(Beginning of Extracted records)

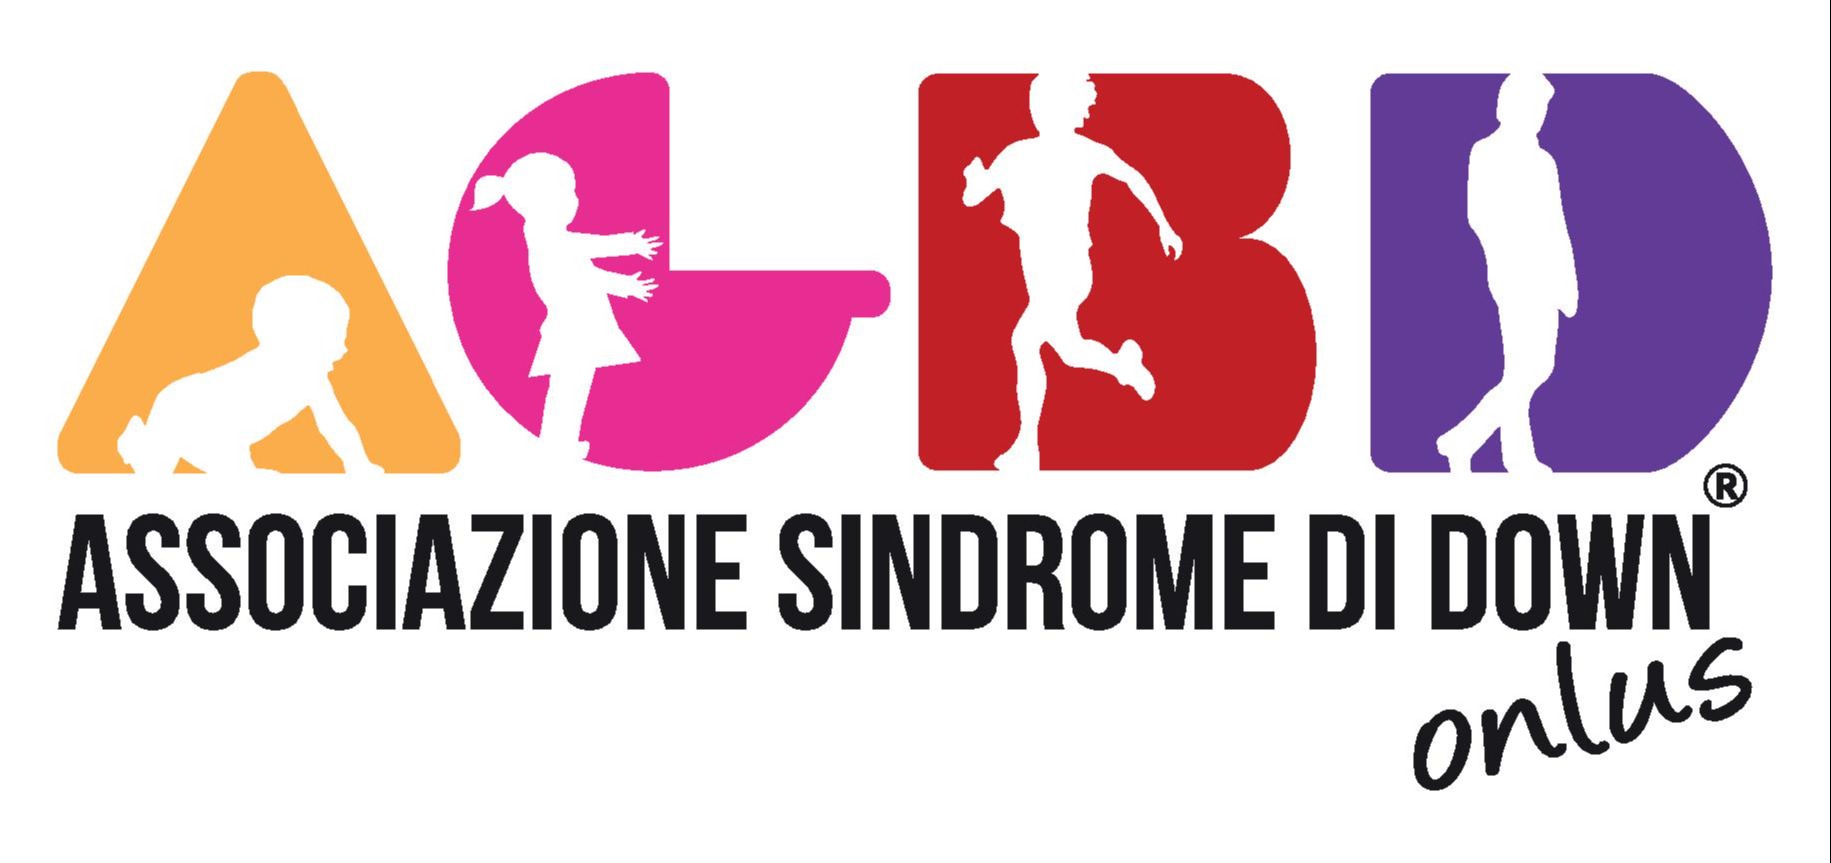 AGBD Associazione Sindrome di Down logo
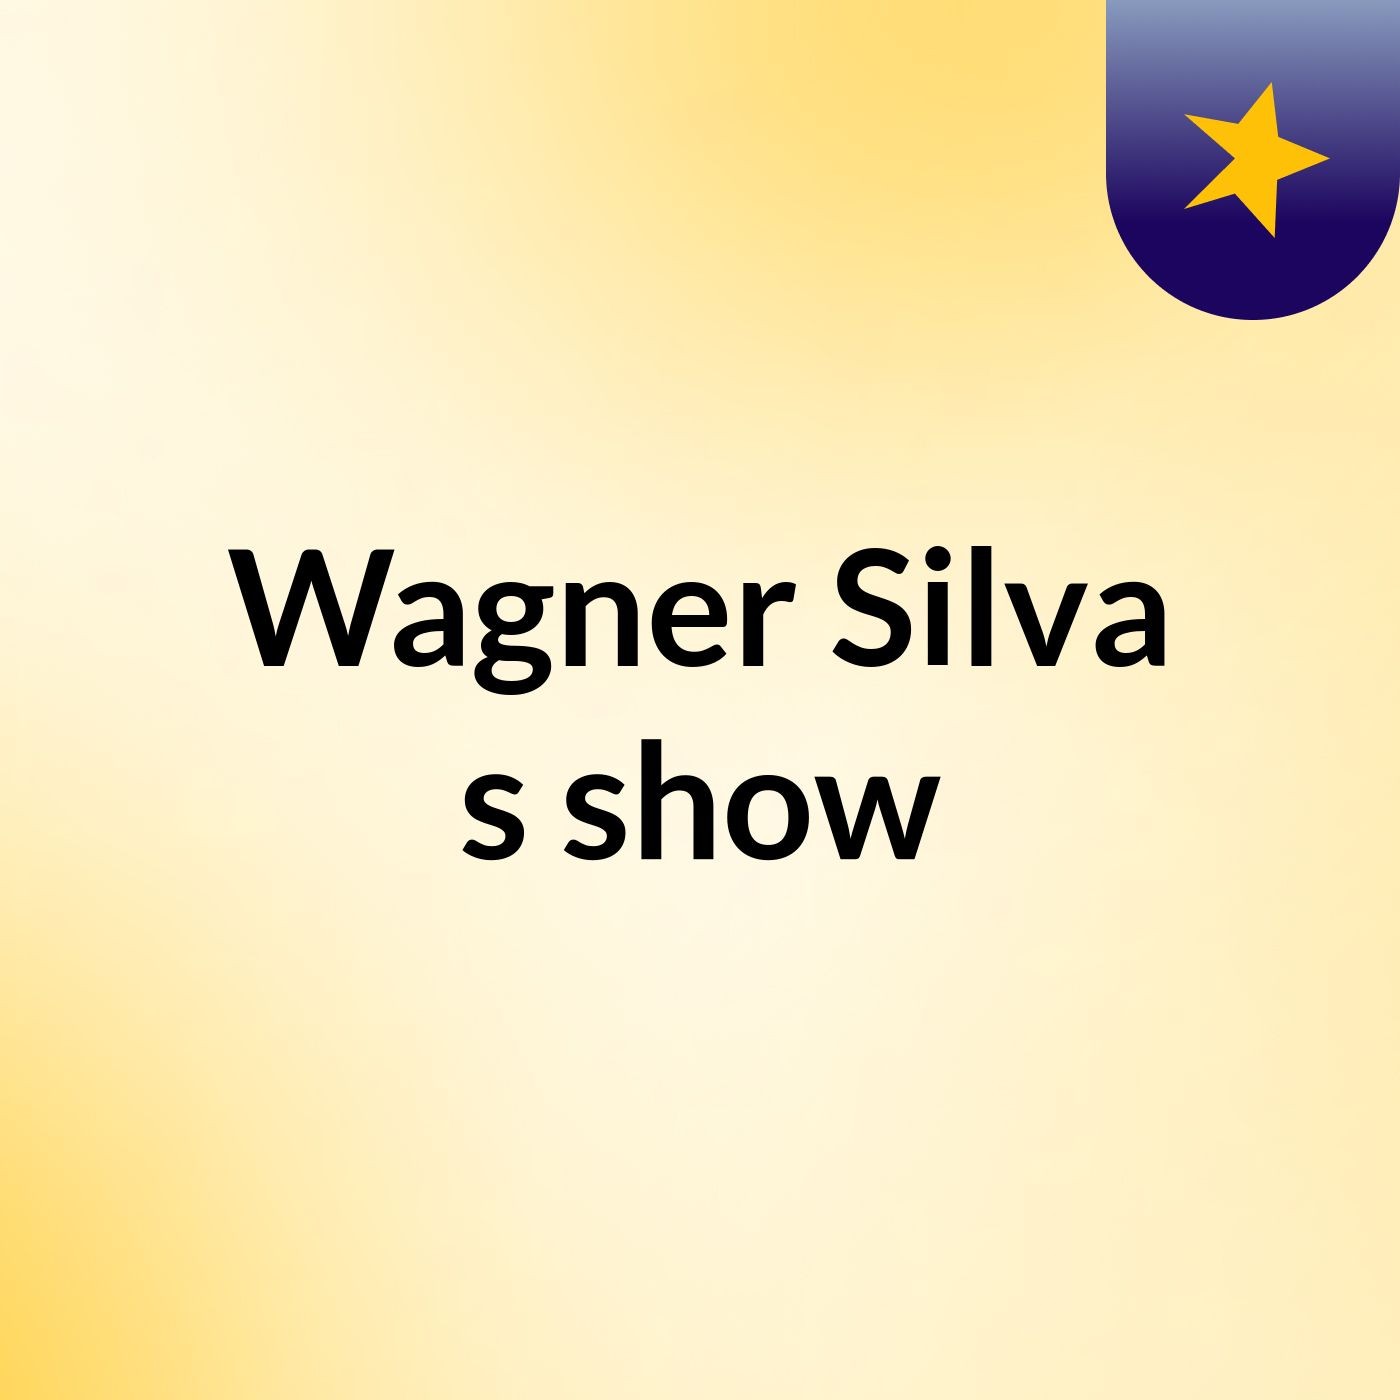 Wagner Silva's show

(End of Extracted records)
(Beginning of Extracted records)

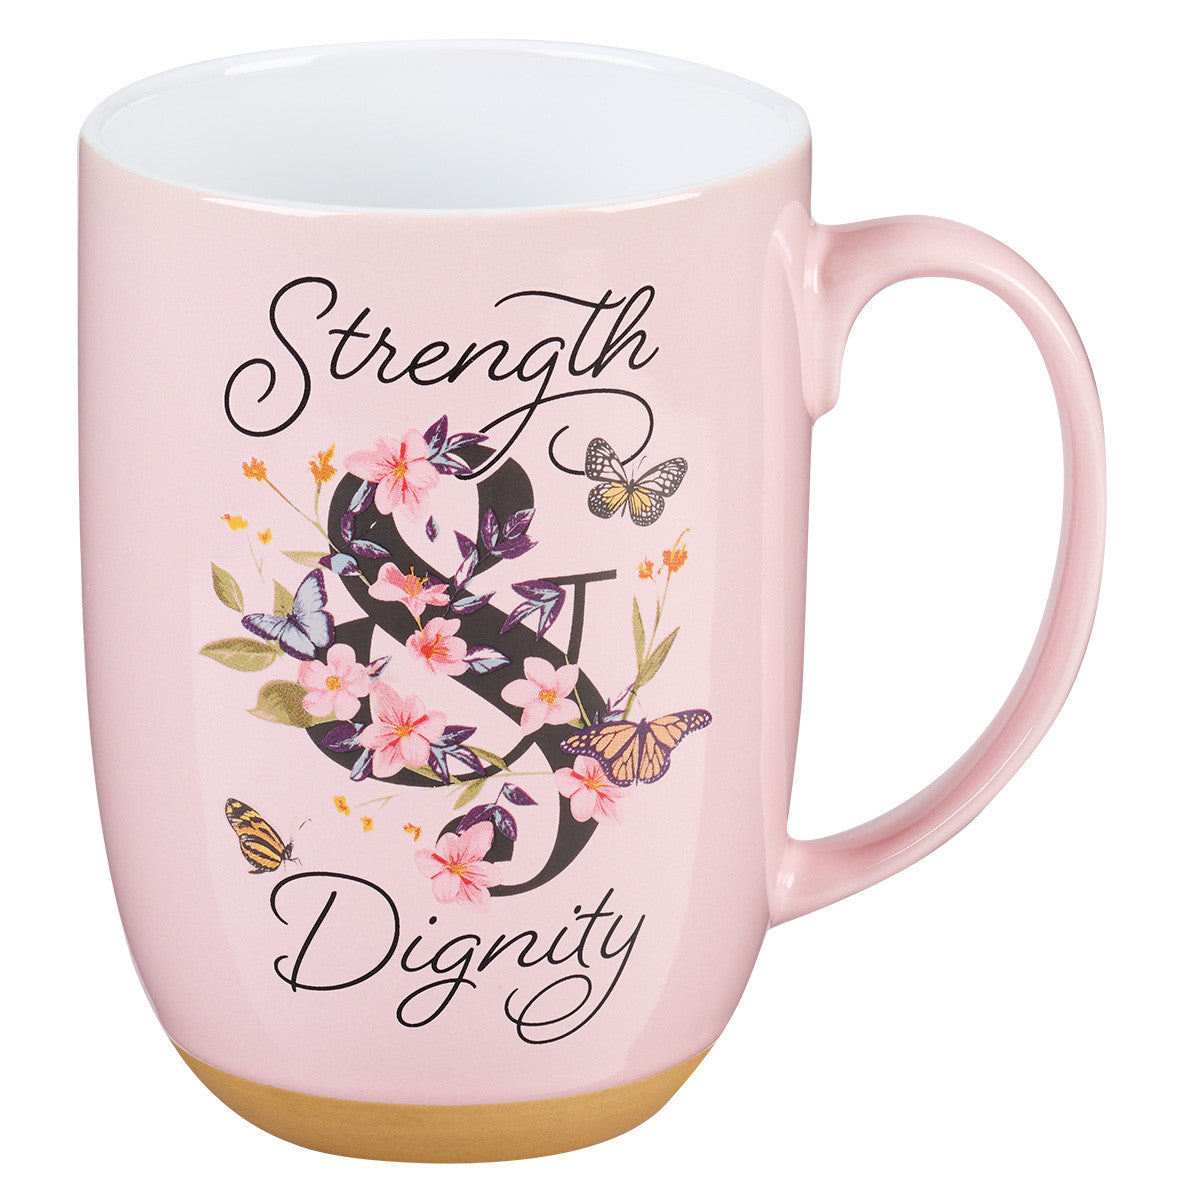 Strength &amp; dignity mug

(End of Extracted records)

• [About this exercise]:
An exact copy of the lines above from the one with "AGBD Associazione Sindrome di Down logo" up to and including the one with "Wagner Silva's show" is required; reproduce only those lines, omitting all pictures.

• [Written solution]:
 AGBD Associazione Sindrome di Down logo
 Wagner Silva's show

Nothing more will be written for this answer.